Like Your Life Depends on It
by Memory in Crimson
Summary: Instead of kidnapping Nabu, Duman kidnaps Riven, of all people, in order to help him with his illness. But the cure might be more awkward for Riven than for the patient.


**Warnings:** Sexual situations with poorly-written humour thrown in. Strong language.

 **Dedicated to** all the poorly-written smut that ever there was.

* * *

"Like Your Life Depends On It"  
By Crimson Memory

Riven sneered at the whimpering wizard with the pink mohawk, who lay in the arms of the blond wizard. What a miserable sight! he thought. If the shoe were on the other foot—if he or any of his friends or the girls had fallen ill, those wizards would have taken advantage of them! But _noooo!_ The Winx Club and the Specialists just had to be bigger than that. They just had to show mercy to a pack of murderous, wing-ripping maniacs!

 _What a crock…_

"We'll take him to Gardenia."

Riven looked at Nabu.

 _What?_ he thought. Was Nabu out of his mind? Had he eaten the earthling chocolate pastries with the hallucinogenic plant again? (Boy, that had been an interesting Friday night…) They couldn't seriously divert the journey to Tir Nan Og for this… this… jerk-face.

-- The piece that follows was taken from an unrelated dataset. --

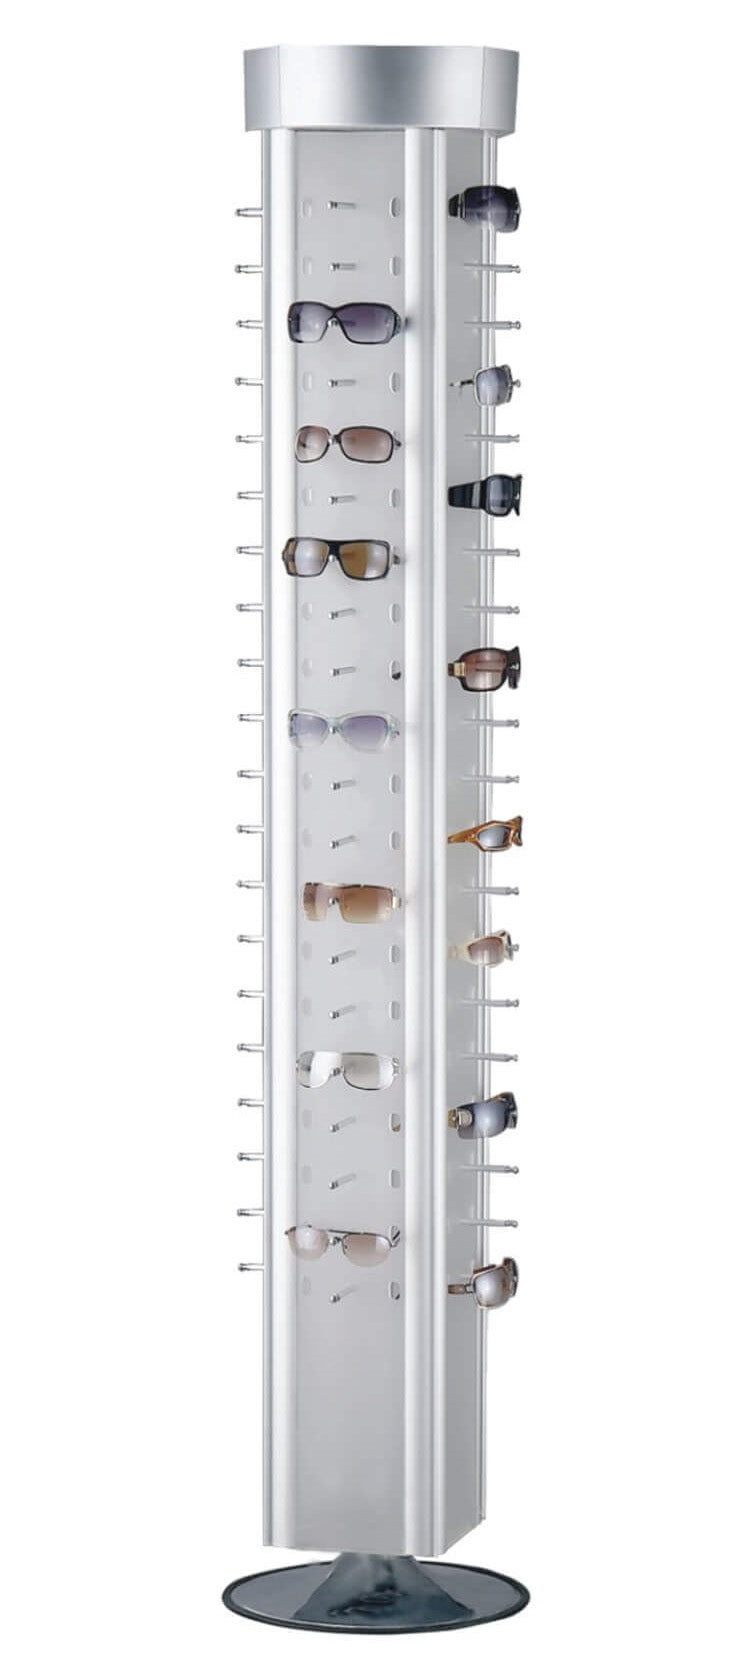 Eyeglass Display Stand D8513 - D8542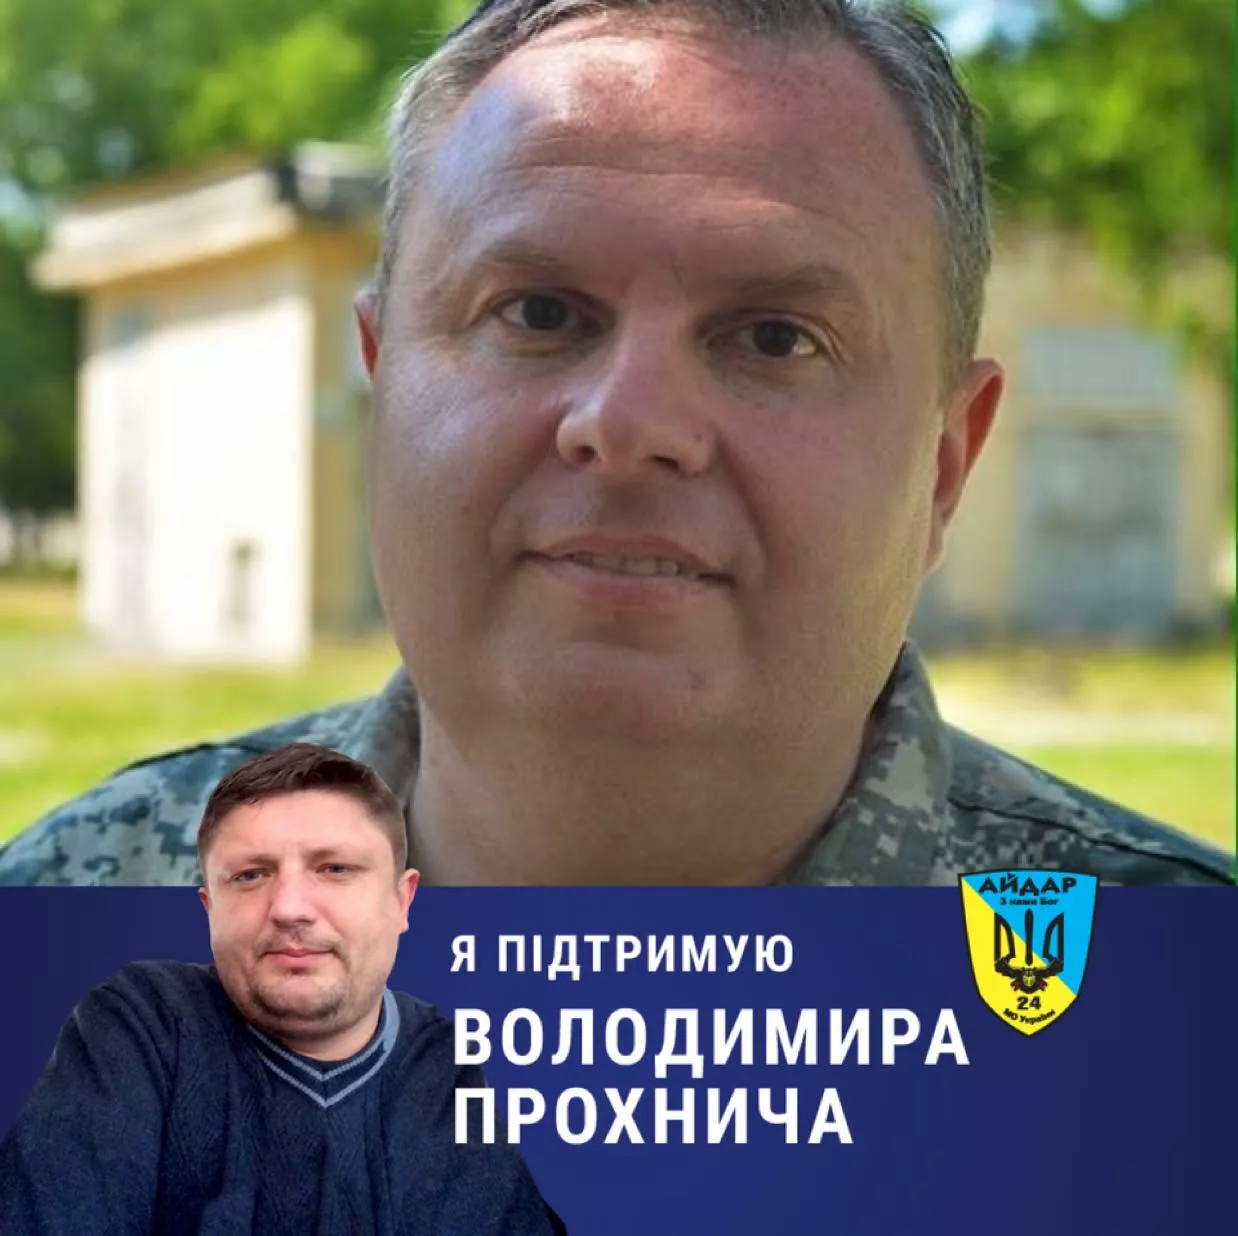 Анатолий Кушнирчук рассказал "Сегодня" о сложном боевом пути Владимира Прохнича

" _Noooo_ way!" Riven protested, waving his arms dismissively. "No way, no way, nowayno—oof!"

Musa's elbow made contact with his gut. Riven rubbed his bruised belly and took two steps from her.

Damned women… Always thinking they could shove him around! And if not that, they were abandoning him, like his miserable mother, or cheating on him, like Musa had with the music executive (although the exec was strictly professional about their relationship… and he was betrothed and respected that betrothal! Although, come to think about it… he had looked at Riven kinda… fondly?).

Anyway… Back to Nabu prattling about knowing many spells, so on, so forth.

"Alright, then," said Bloom. "The Specialists will take Duman back to their flat."

"Our flat?" Riven bristled. "Hell no, hell no, hellnohell— _augh!_ "

He was pretty sure that Musa had just ruptured something important. He made a note to let Nabu look his aching body after the shifty shape-shifter.

"We'll accompany the rest of the Wizards to Tir Nan Og," continued Tecna.

Riven bit his tongue and crossed his arms (40% of out scorn for this asinine idea and 60% out of the need to protect his bruised ribs, just in case).

Once the rather asinine plan was agreed upon, Nabu opened a wormhole, leading directly to the Specialists' flat.

"Timmy and Riven will help me take care of Duman—"

What?

"—while the rest of you will gather the supplies I need."

"Wait a minute!" exclaimed Riven. "You want me to help take care of that? Why not Helia or Brandon?"

Nabu raised an eyebrow.

"Because they're going to get supplies?"

"Plus, I don't feel comfortable around Duman," Brandon whispered to Riven. "I think he copped a feel during one of our battles."

"So, you're making me carry him and tend to him?" questioned Riven. "Mr. Fruitier-Than-the-Frutti-Music-Bar?"

At that instance, the blond wizard, who sported the Freddie Krueger-looking hat, glared at Riven. Placing Duman in Anagan's care, he marched toward Riven.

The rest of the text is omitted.